Abstract

A cDNA clone that is closely related to the granule-associated serine proteases of cytolytic T lymphocytes (CTL), called granzymes A-F, was isolated from a CTL expression library. The encoded serine protease, granzyme G, shows 70%-89% nucleotide identities to the granzymes C-F and, like those, consists of 228 amino acids preceded by the short propeptide Glu-Glu and a 18 residue long signal peptide. Granzyme G was identified by amino-terminal sequence analysis as a correctly processed and sorted protein stored in lysosome-like granules. The phylogenetic history of the granzyme multigene family was reconstructed by two tree-making methods and by Southern blot analyses of human, rat, and mouse DNA. Our results indicate differences in the evolutionary pathway between these species.
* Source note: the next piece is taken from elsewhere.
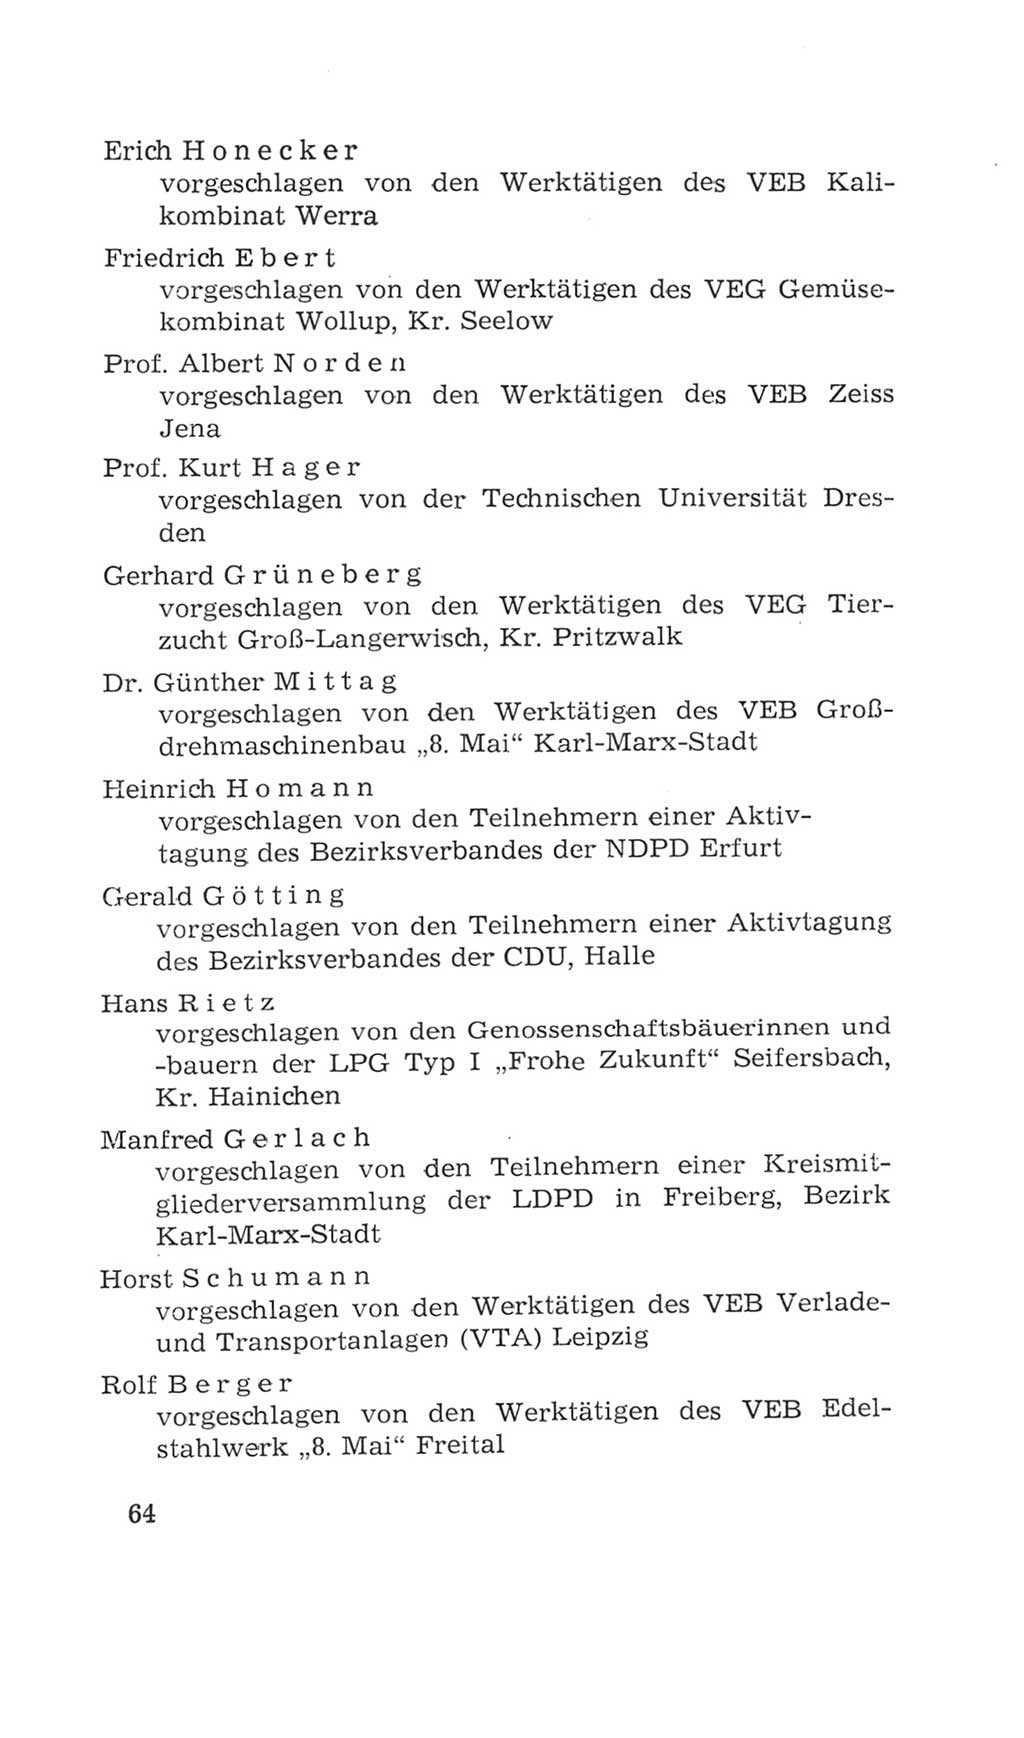 Volkskammer (VK) der Deutschen Demokratischen Republik (DDR), 4. Wahlperiode 1963-1967, Seite 64 (VK. DDR 4. WP. 1963-1967, S. 64)

The murine granzymes C-G descended from a progenitor present at the time of mammalian radiation. Granzyme C branched off first after the primate-rodent split and was involved in a recombination event with granzyme B before the rat-mouse divergence. Granzymes D and E have diverged after the mouse-rat speciation. However, no experimental evidence for the existence of a granzyme C-D-E-F-G equivalent was found in humans, and loss of the ancestral gene in the primate lineage is discussed. In view of the species differences in the number of granzyme gene copies during recent evolution, we propose that the murine granzymes B-G play several distinct roles in CTL-mediated effector functions as a response to quite recent changes of the biochemical environment.